To do
Everything from the line that contains "39236 0014 - Stamp" through the last line below should be transcribed exactly, except the pictures.

#### The data

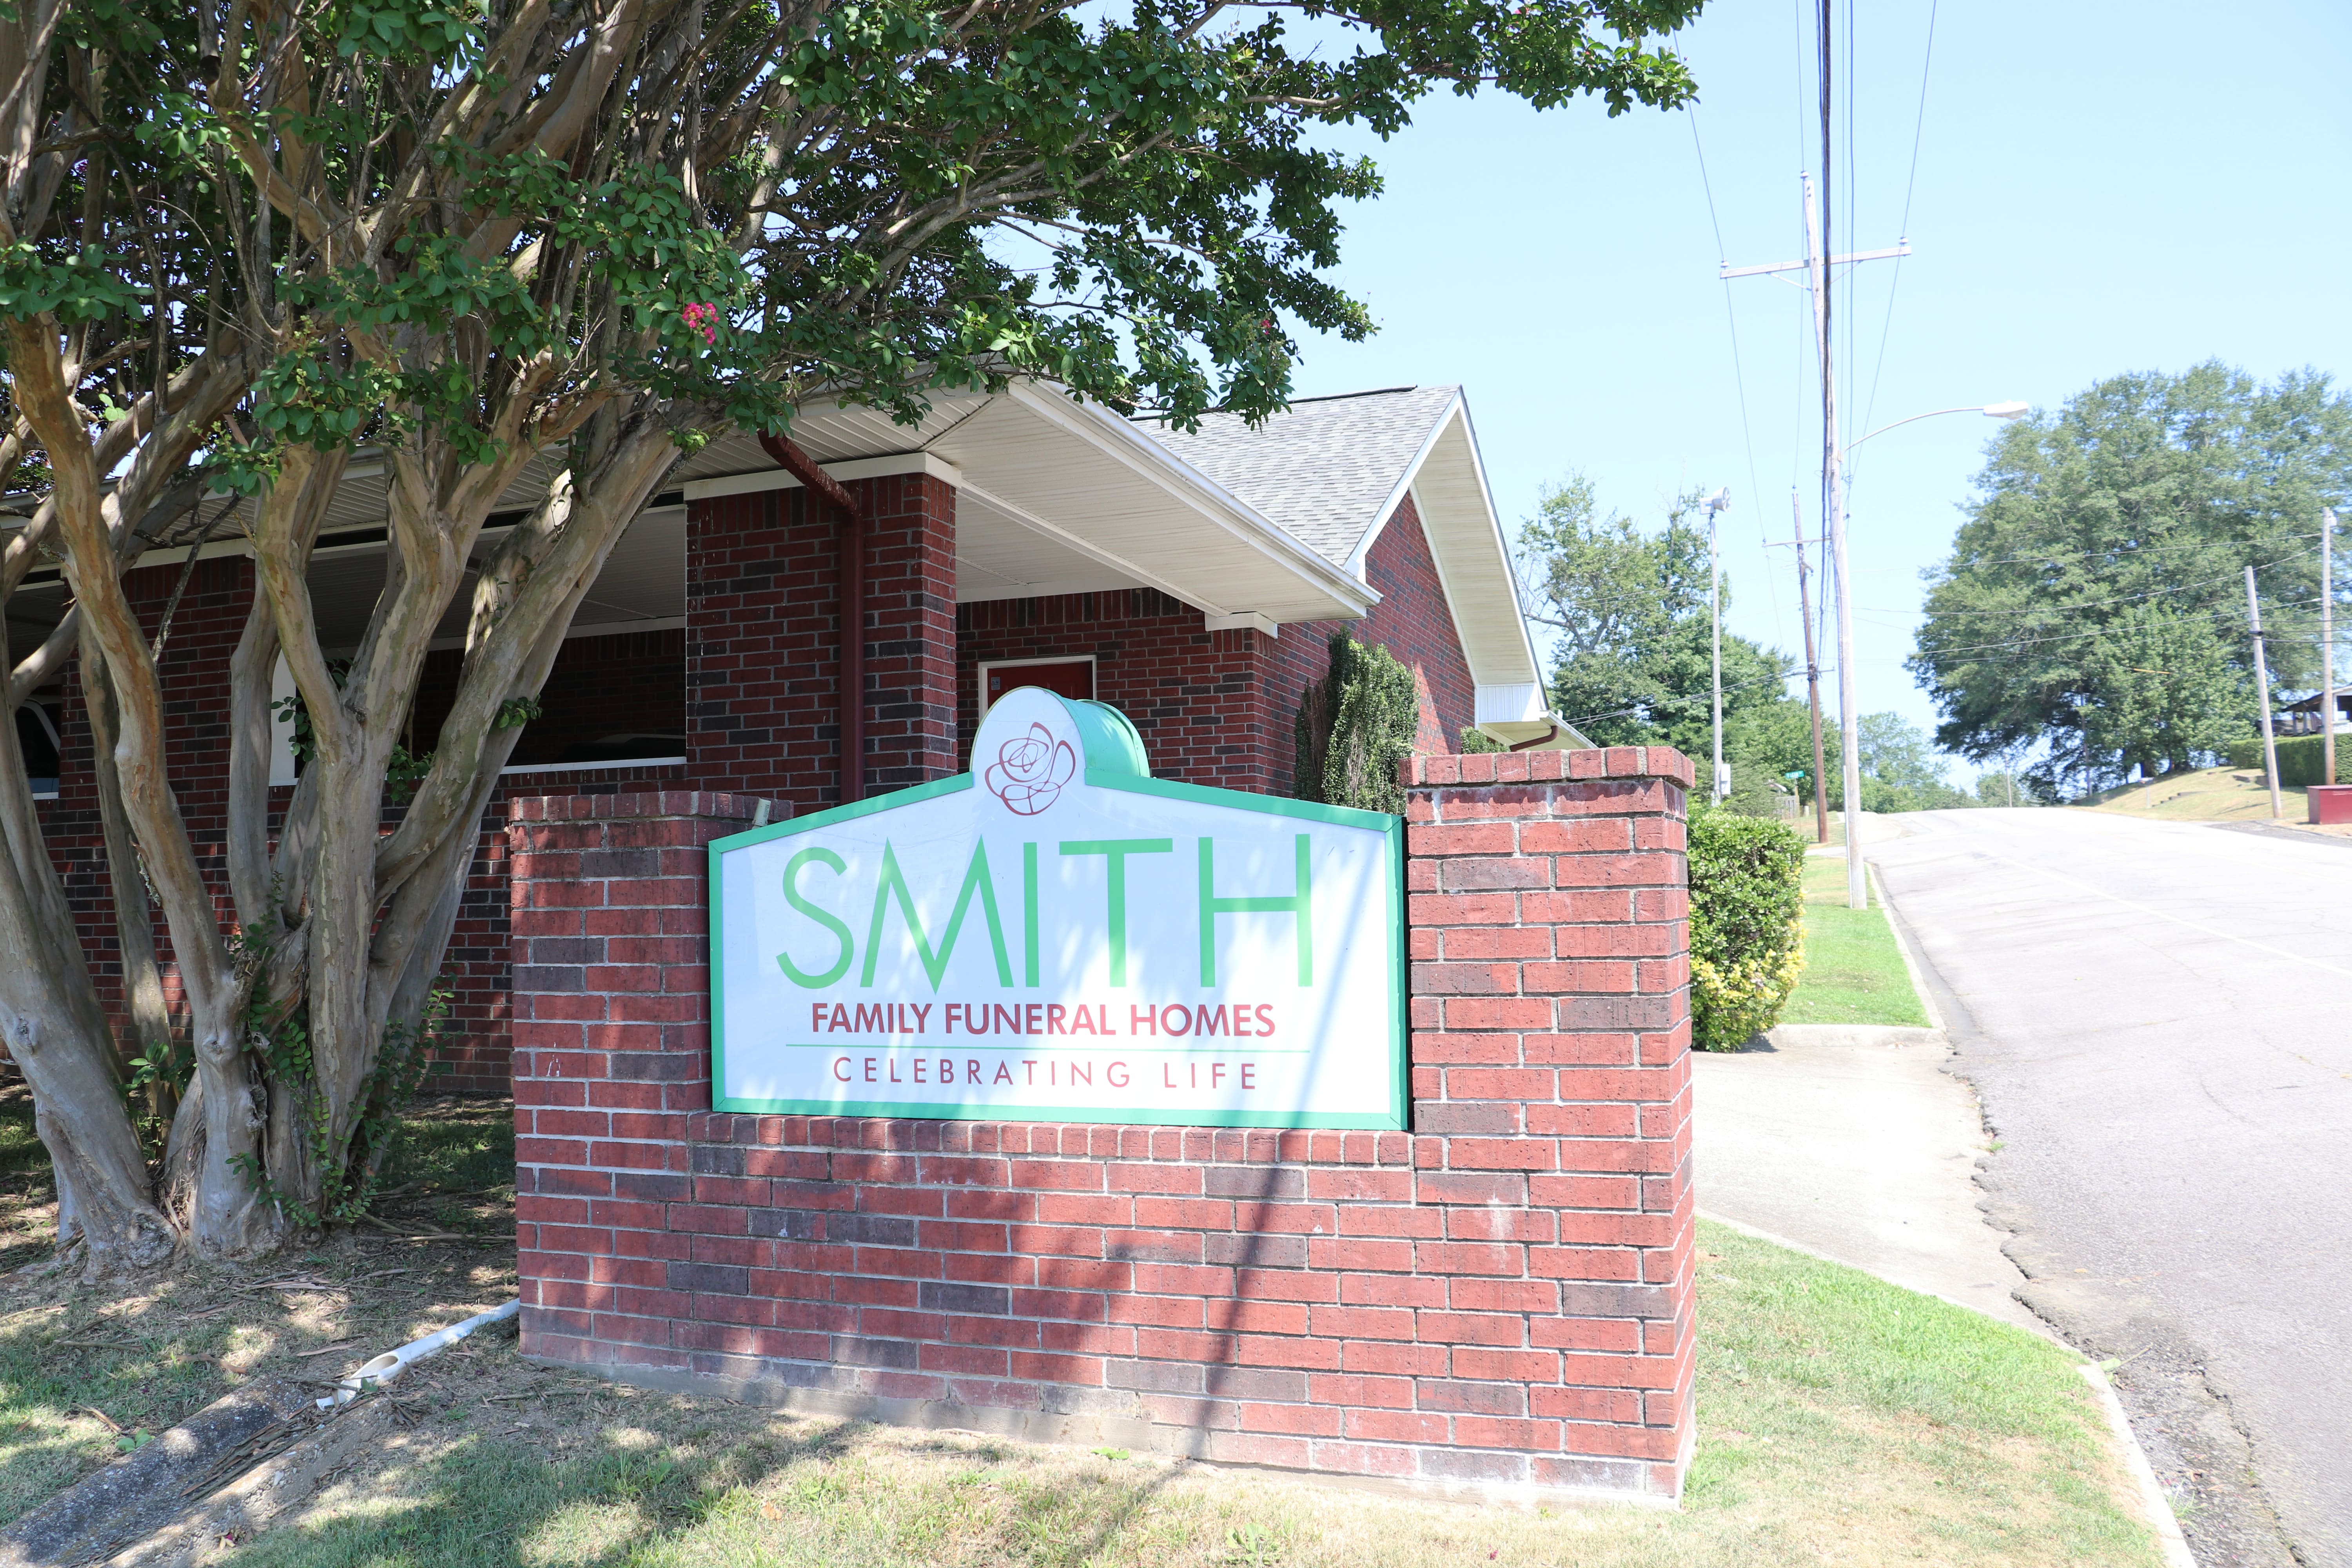 Soup Bowl To Go: Q&A with Smith's Funeral Homes
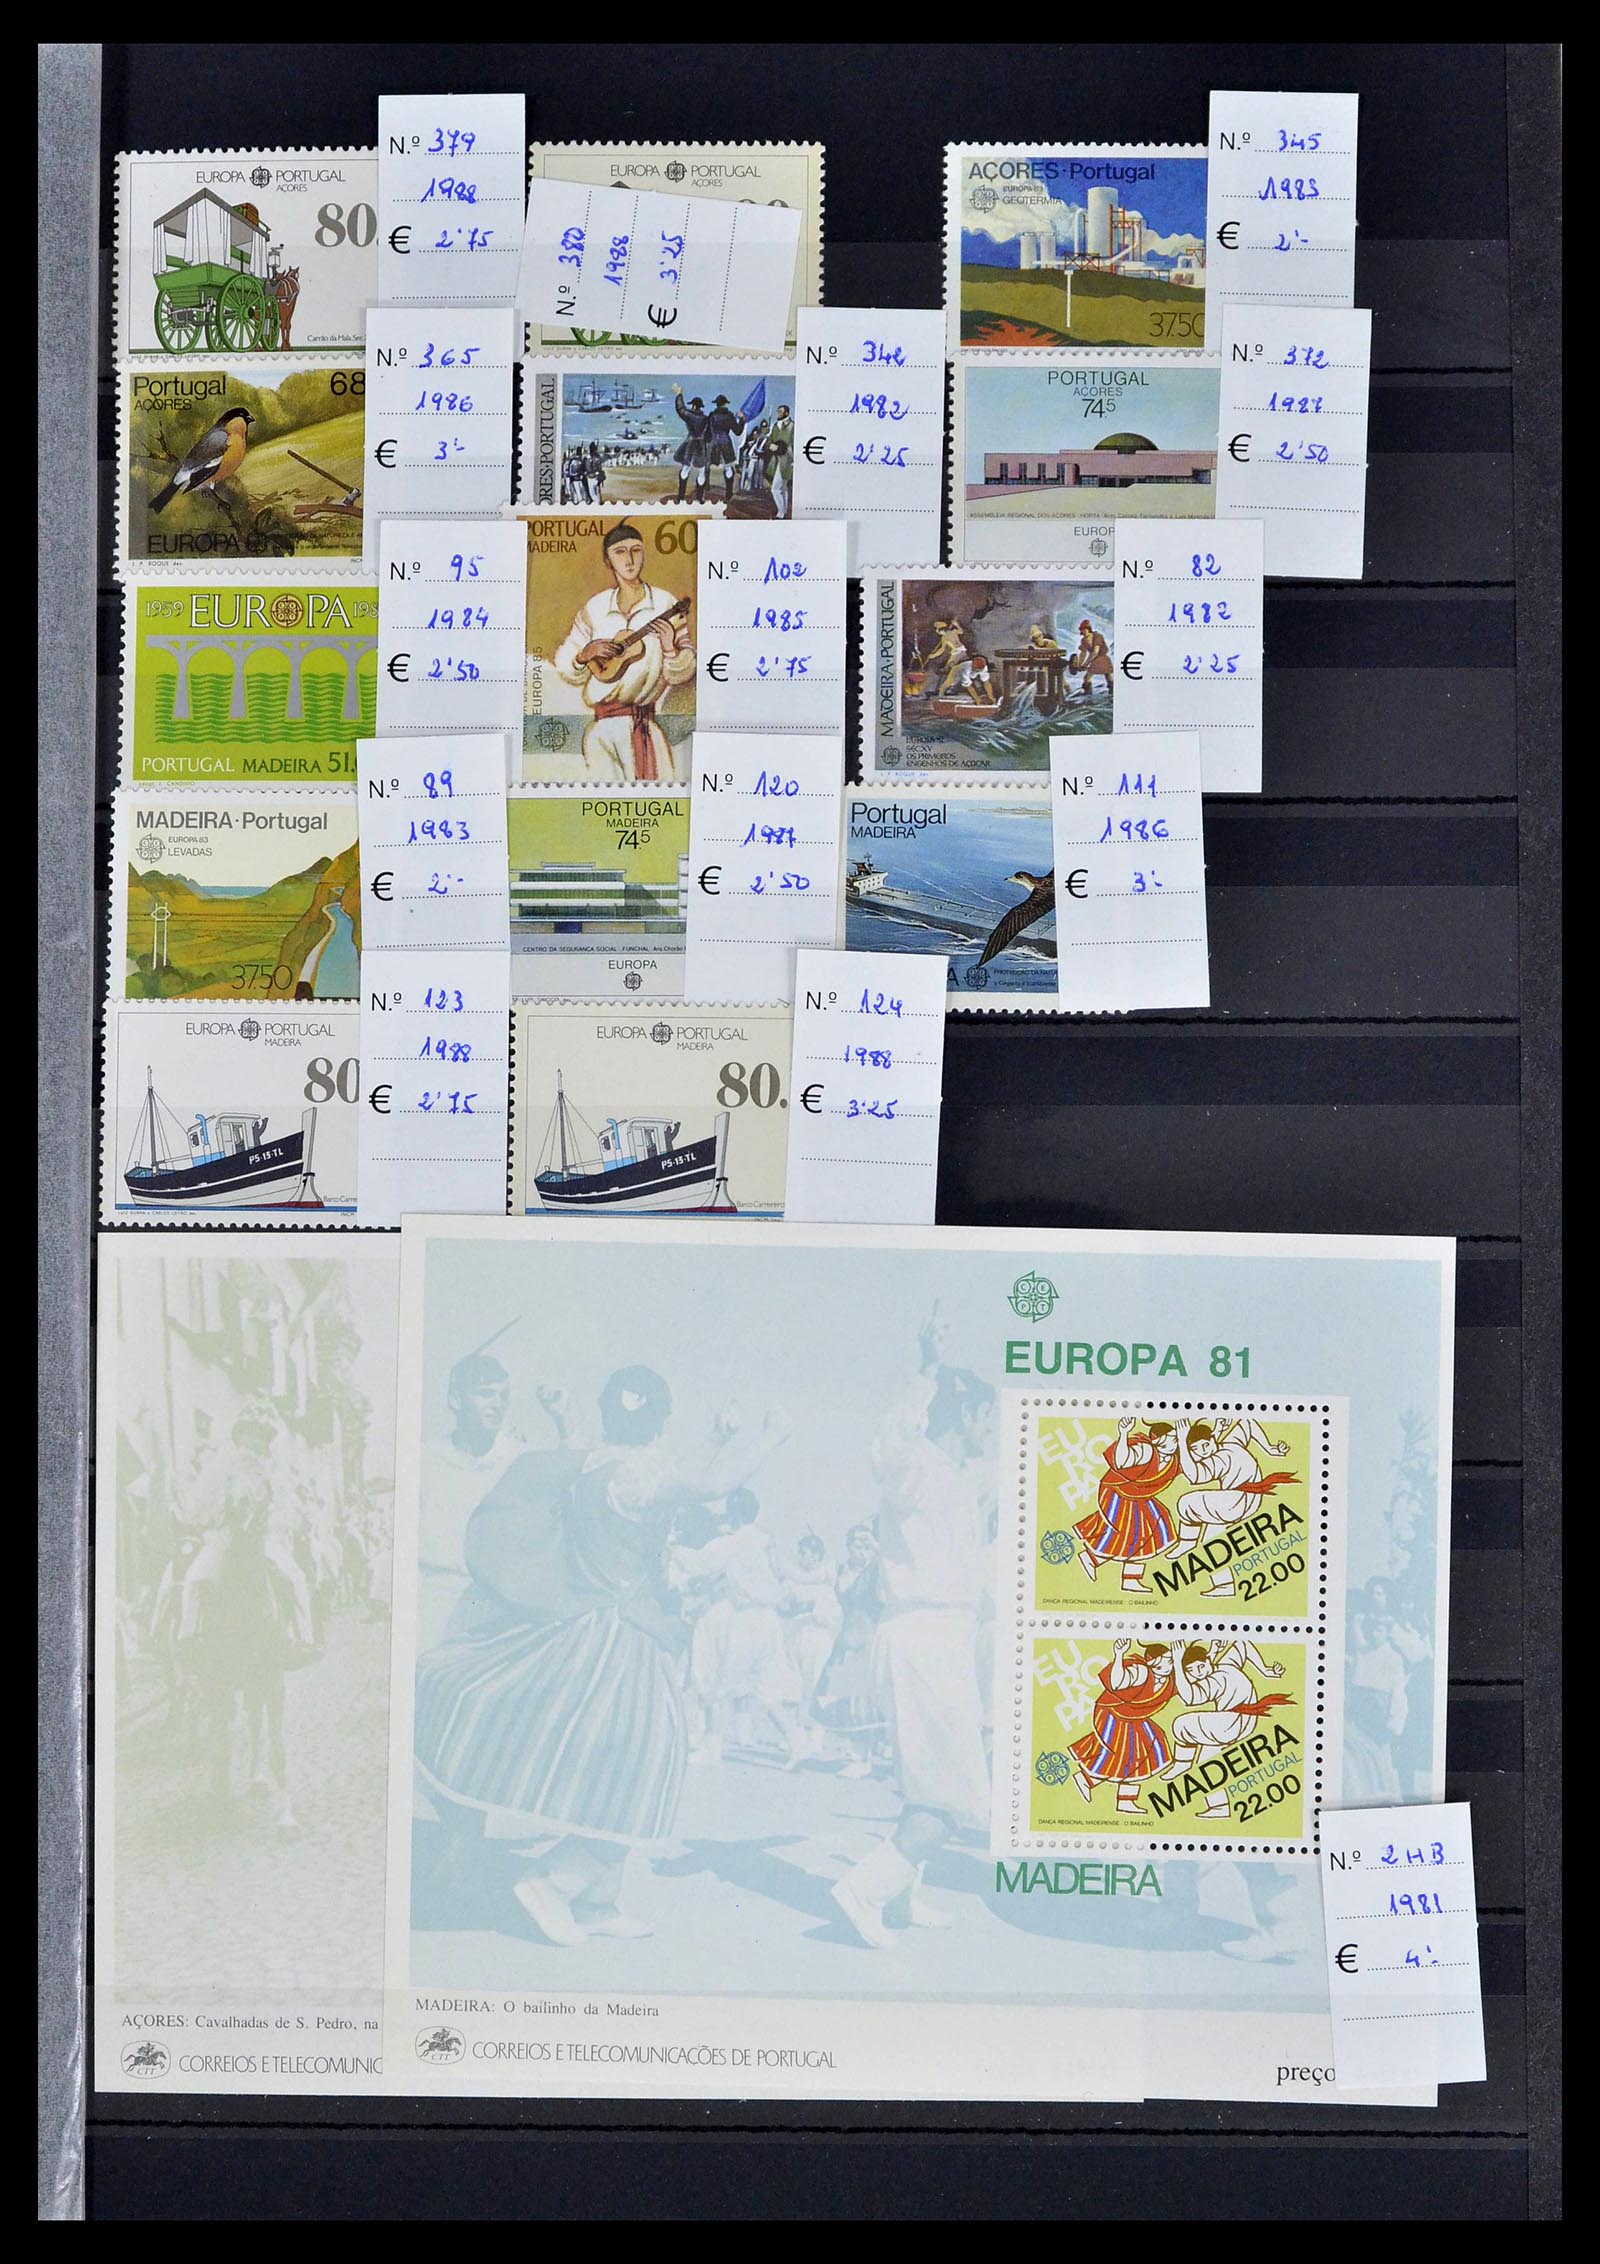 39236 0014 - Stamp collection 39236 European countries 40s-60s.
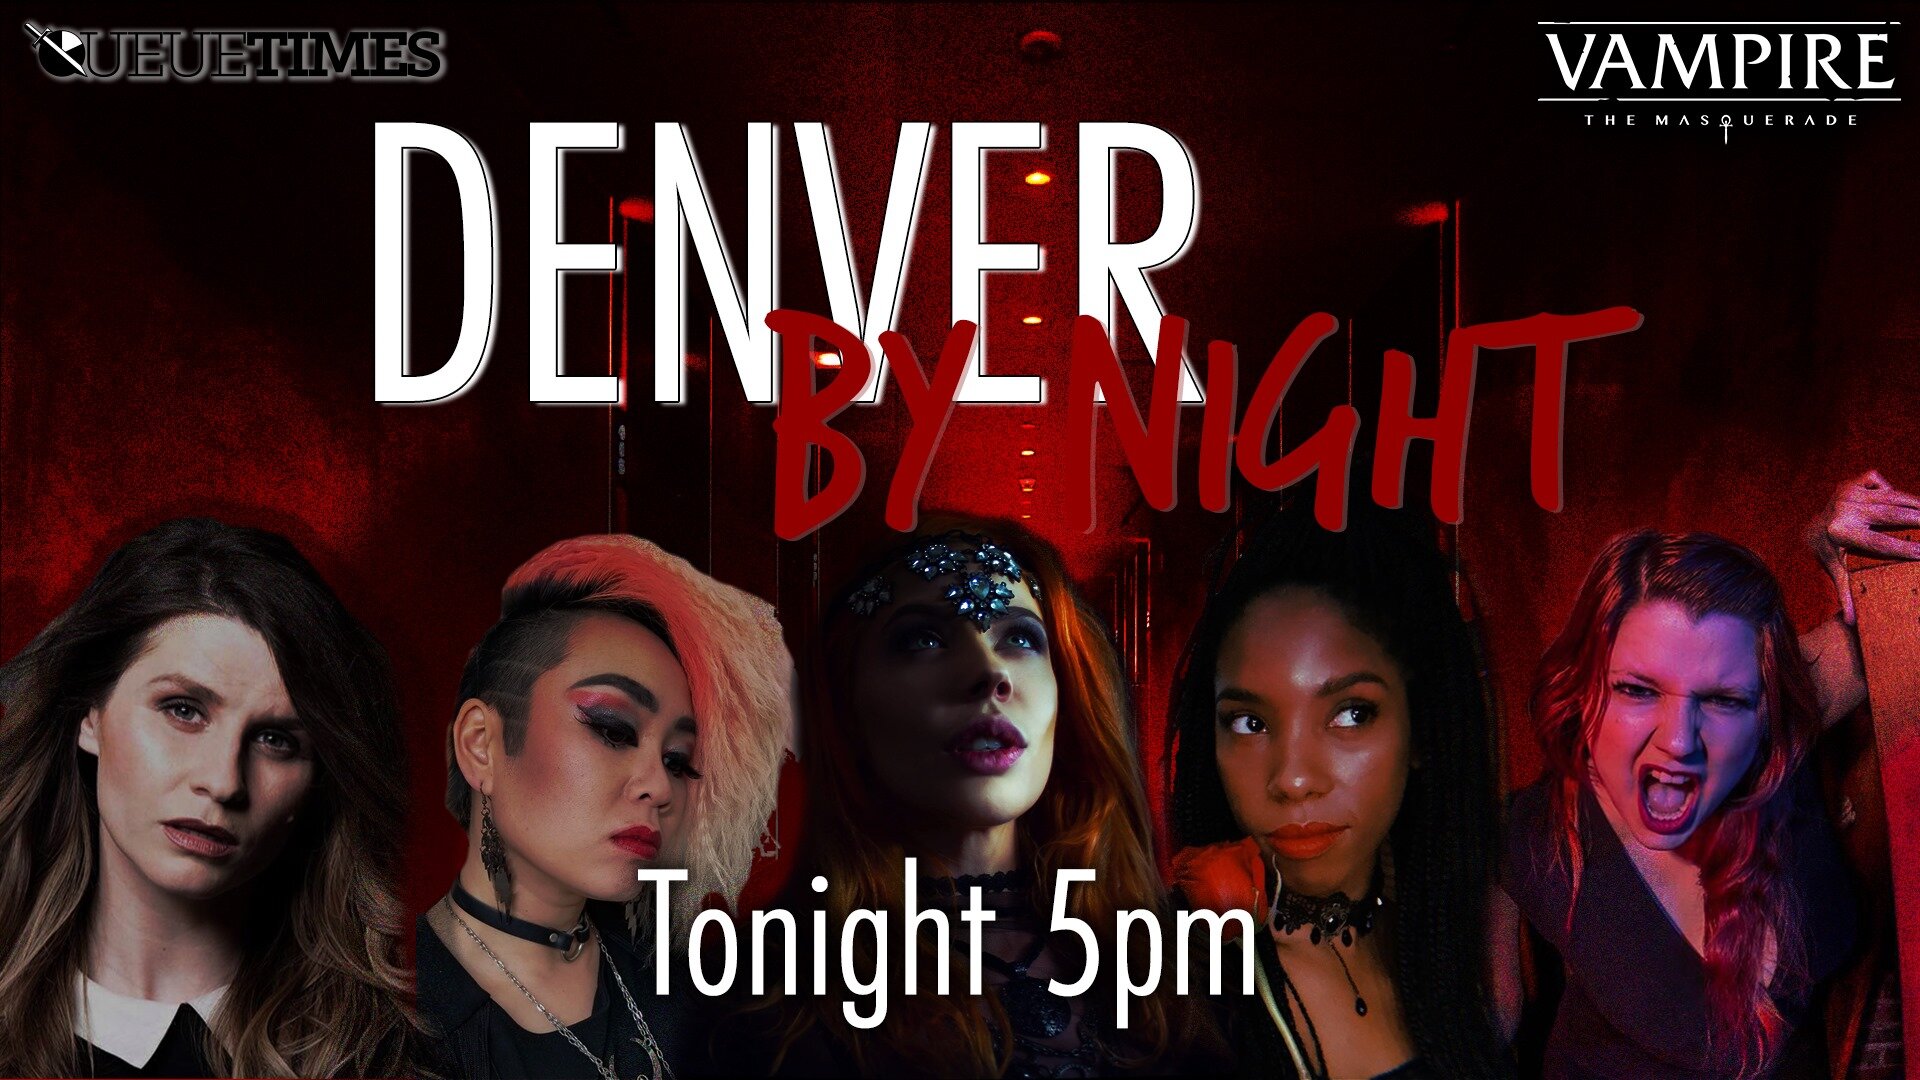  “Denver By Night'“ live RPG show on Queutimes Network

########

The completed task
 39236 0014 - Stamp collection 39236 European countries 40s-60s.
  “Denver By Night'“ live RPG show on Queutimes Network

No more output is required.